**WHAT IS BEING ASKED**.
Pictures are to be dropped from the copy. Retype the listing exactly.

**RAW DATA**.
=-=-=-=-=
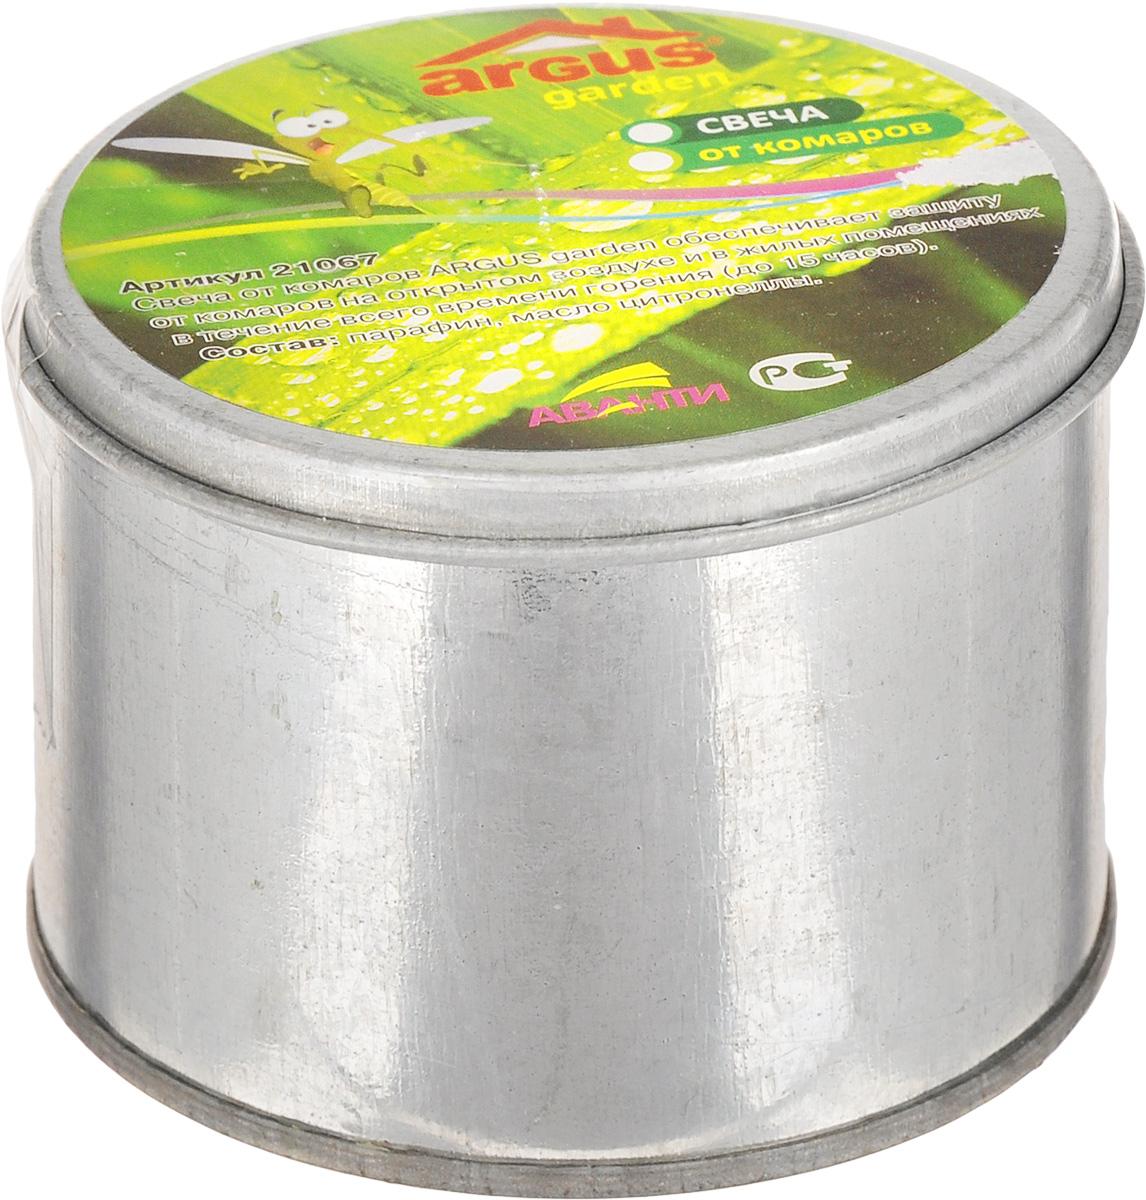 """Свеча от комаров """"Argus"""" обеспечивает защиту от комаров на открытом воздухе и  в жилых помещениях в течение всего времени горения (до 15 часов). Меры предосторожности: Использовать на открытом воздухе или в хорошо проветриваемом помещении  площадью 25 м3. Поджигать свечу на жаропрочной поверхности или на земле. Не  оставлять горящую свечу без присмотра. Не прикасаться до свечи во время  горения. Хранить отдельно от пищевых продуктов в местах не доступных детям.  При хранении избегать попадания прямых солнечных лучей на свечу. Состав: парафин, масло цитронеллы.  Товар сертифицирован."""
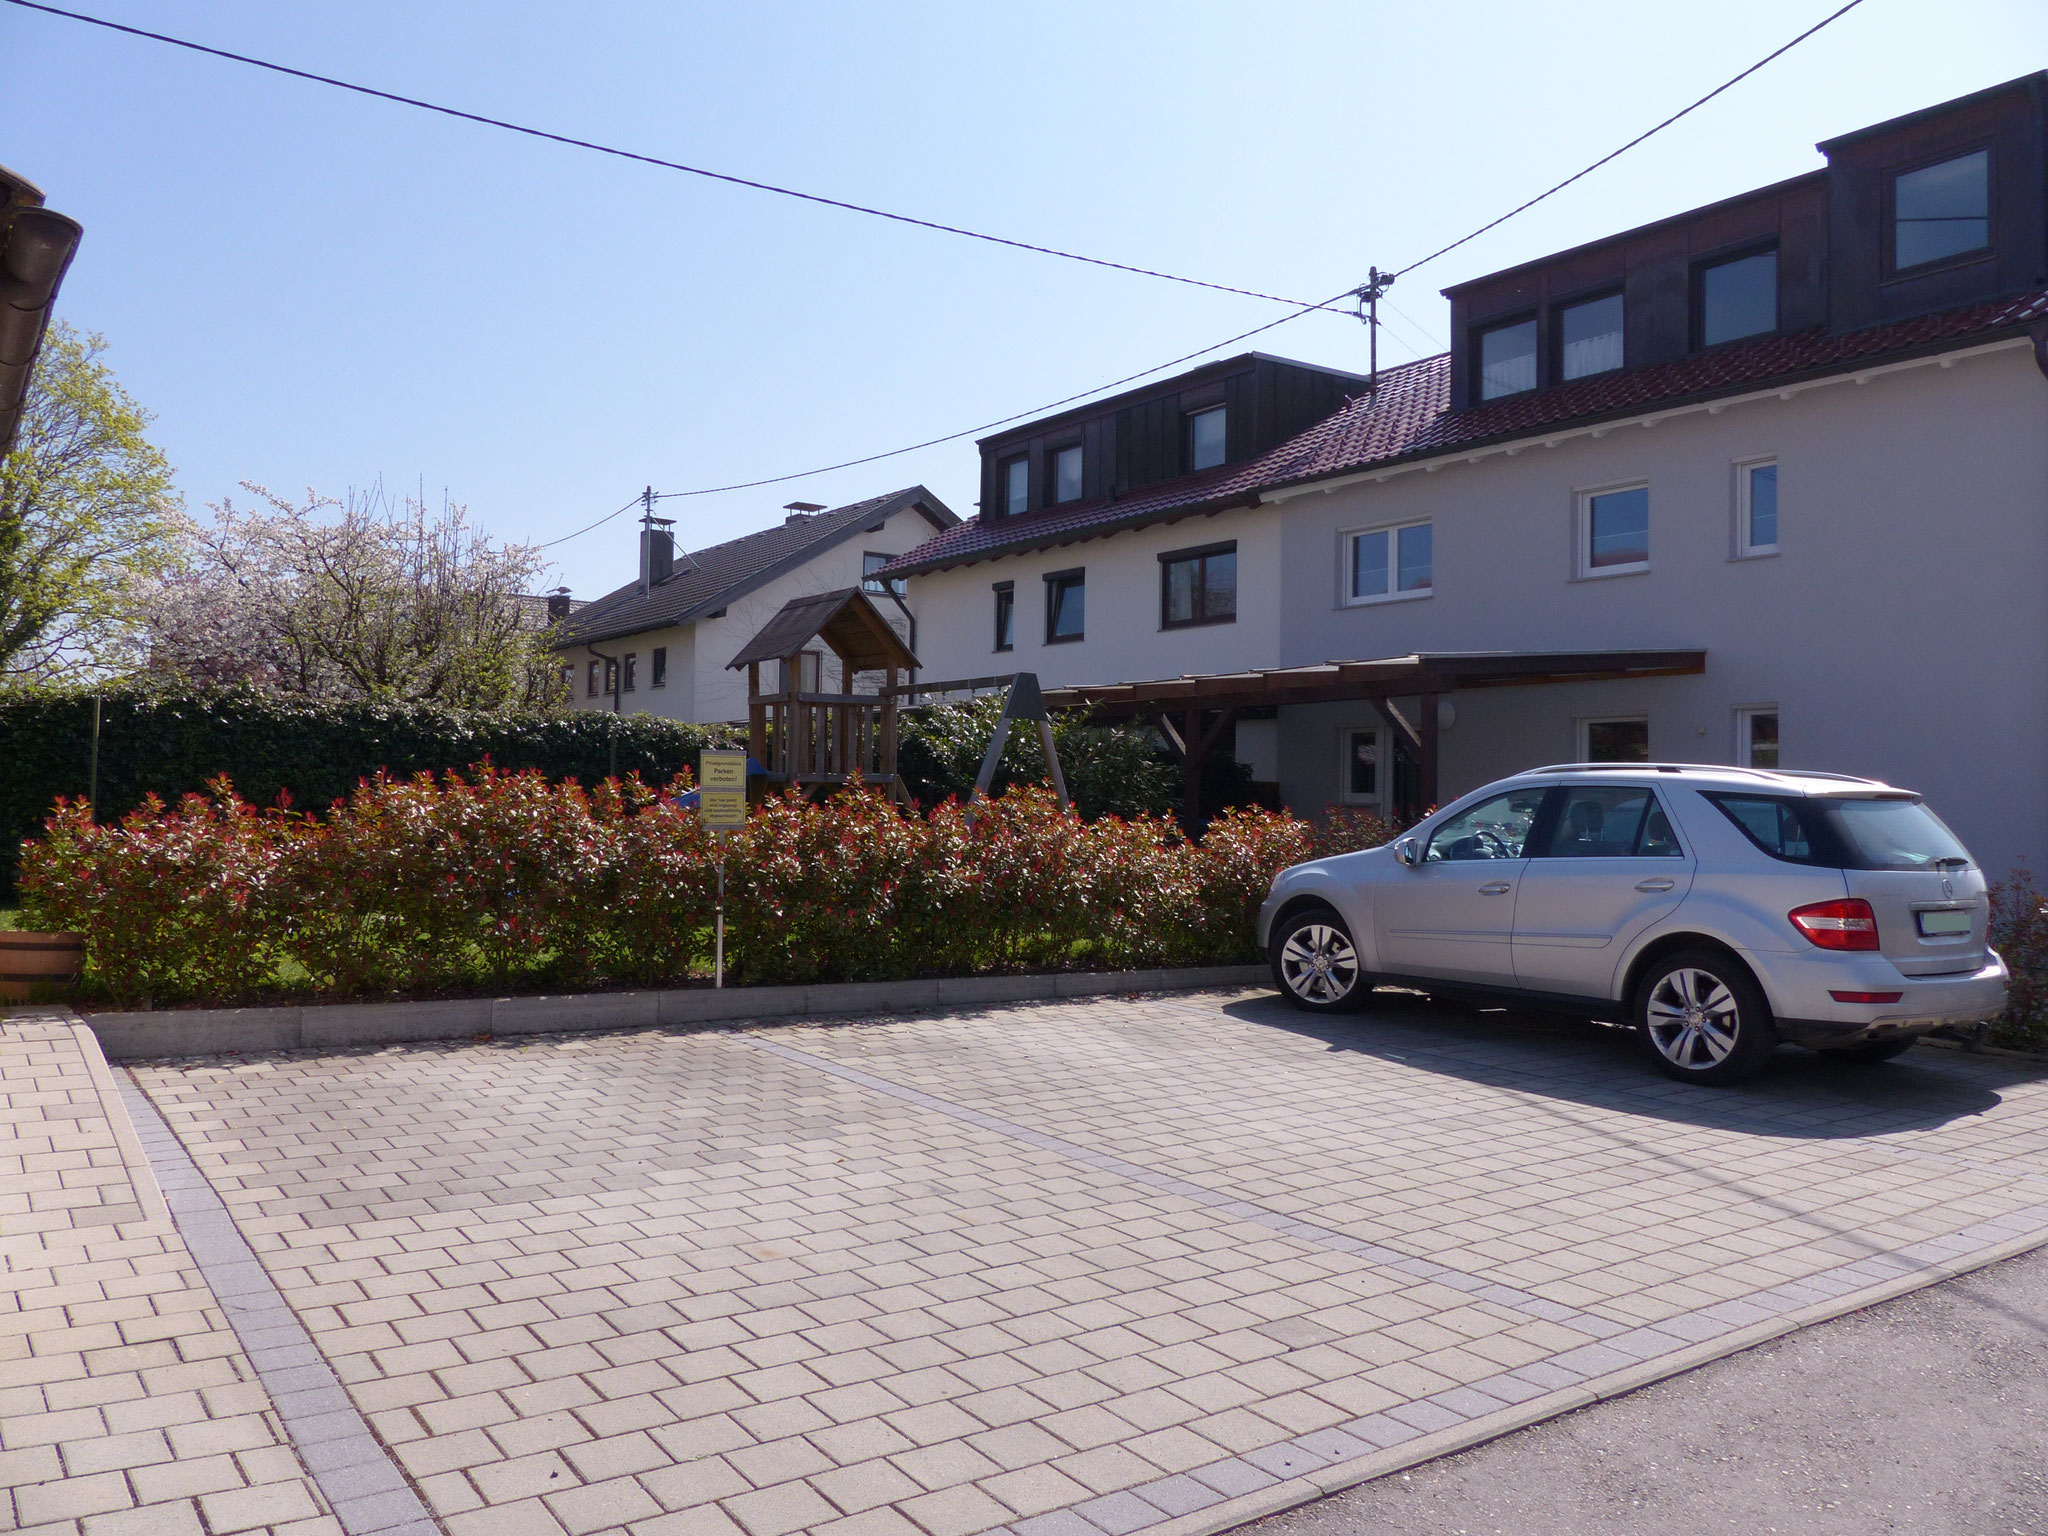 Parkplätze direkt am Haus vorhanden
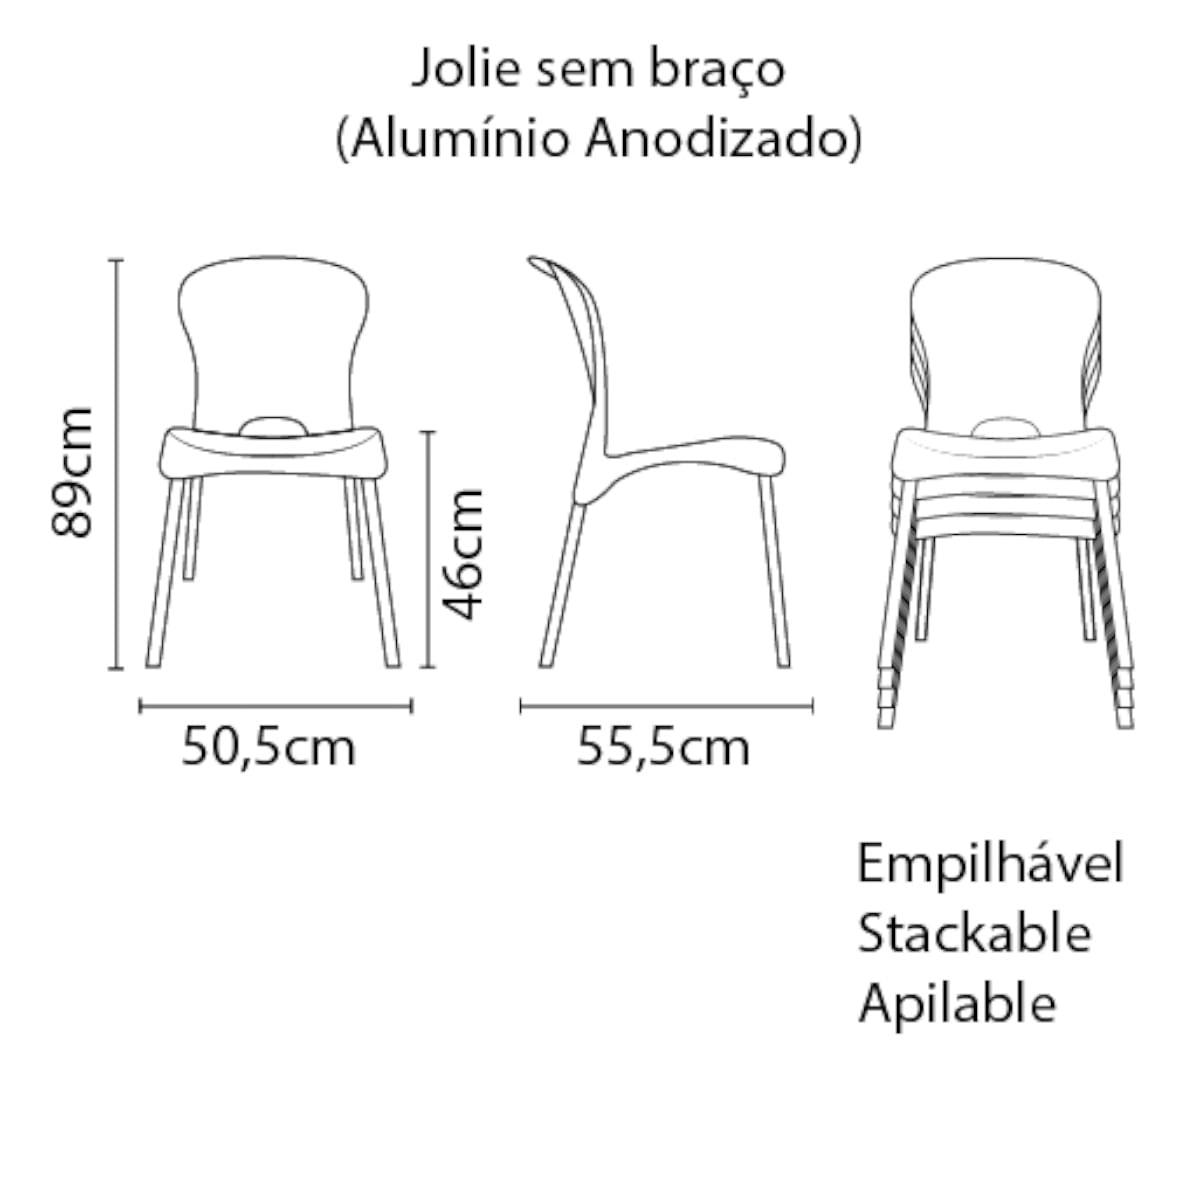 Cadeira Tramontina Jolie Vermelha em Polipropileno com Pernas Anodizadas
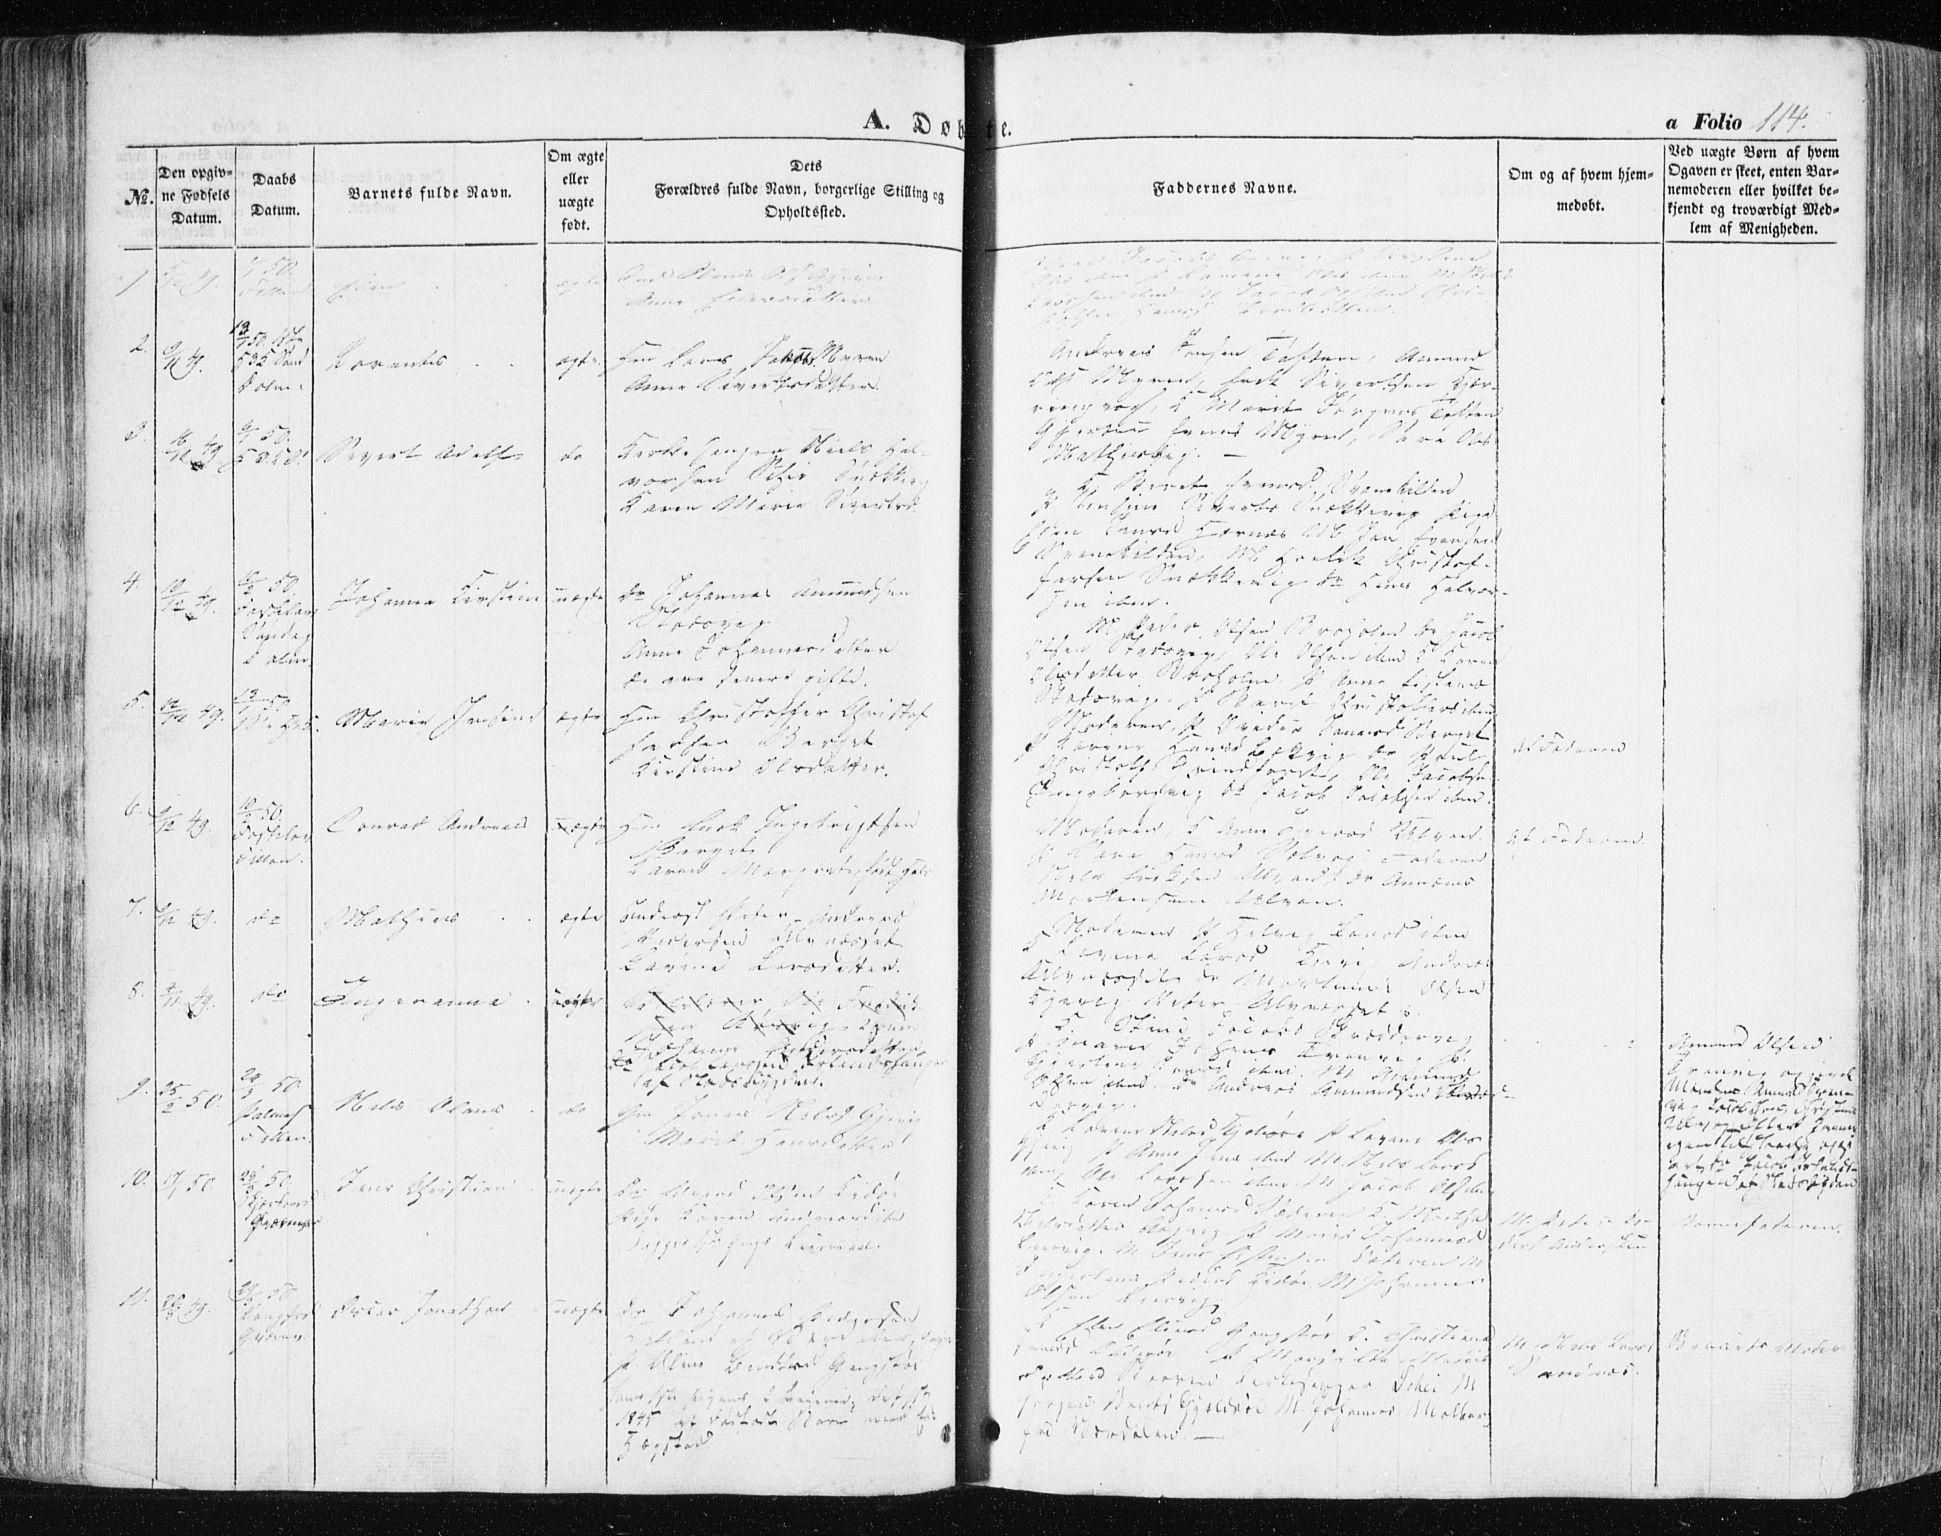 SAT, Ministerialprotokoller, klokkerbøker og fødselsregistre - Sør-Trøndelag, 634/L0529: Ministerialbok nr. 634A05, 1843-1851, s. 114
=-=-=-=-=
**OUTPUT BELOW**.
 """Свеча от комаров """"Argus"""" обеспечивает защиту от комаров на открытом воздухе и  в жилых помещениях в течение всего времени горения (до 15 часов). Меры предосторожности: Использовать на открытом воздухе или в хорошо проветриваемом помещении  площадью 25 м3. Поджигать свечу на жаропрочной поверхности или на земле. Не  оставлять горящую свечу без присмотра. Не прикасаться до свечи во время  горения. Хранить отдельно от пищевых продуктов в местах не доступных детям.  При хранении избегать попадания прямых солнечных лучей на свечу. Состав: парафин, масло цитронеллы.  Товар сертифицирован."""
 Parkplätze direkt am Haus vorhanden
 Cadeira Tramontina Jolie Vermelha em Polipropileno com Pernas Anodizadas
 SAT, Ministerialprotokoller, klokkerbøker og fødselsregistre - Sør-Trøndelag, 634/L0529: Ministerialbok nr. 634A05, 1843-1851, s. 114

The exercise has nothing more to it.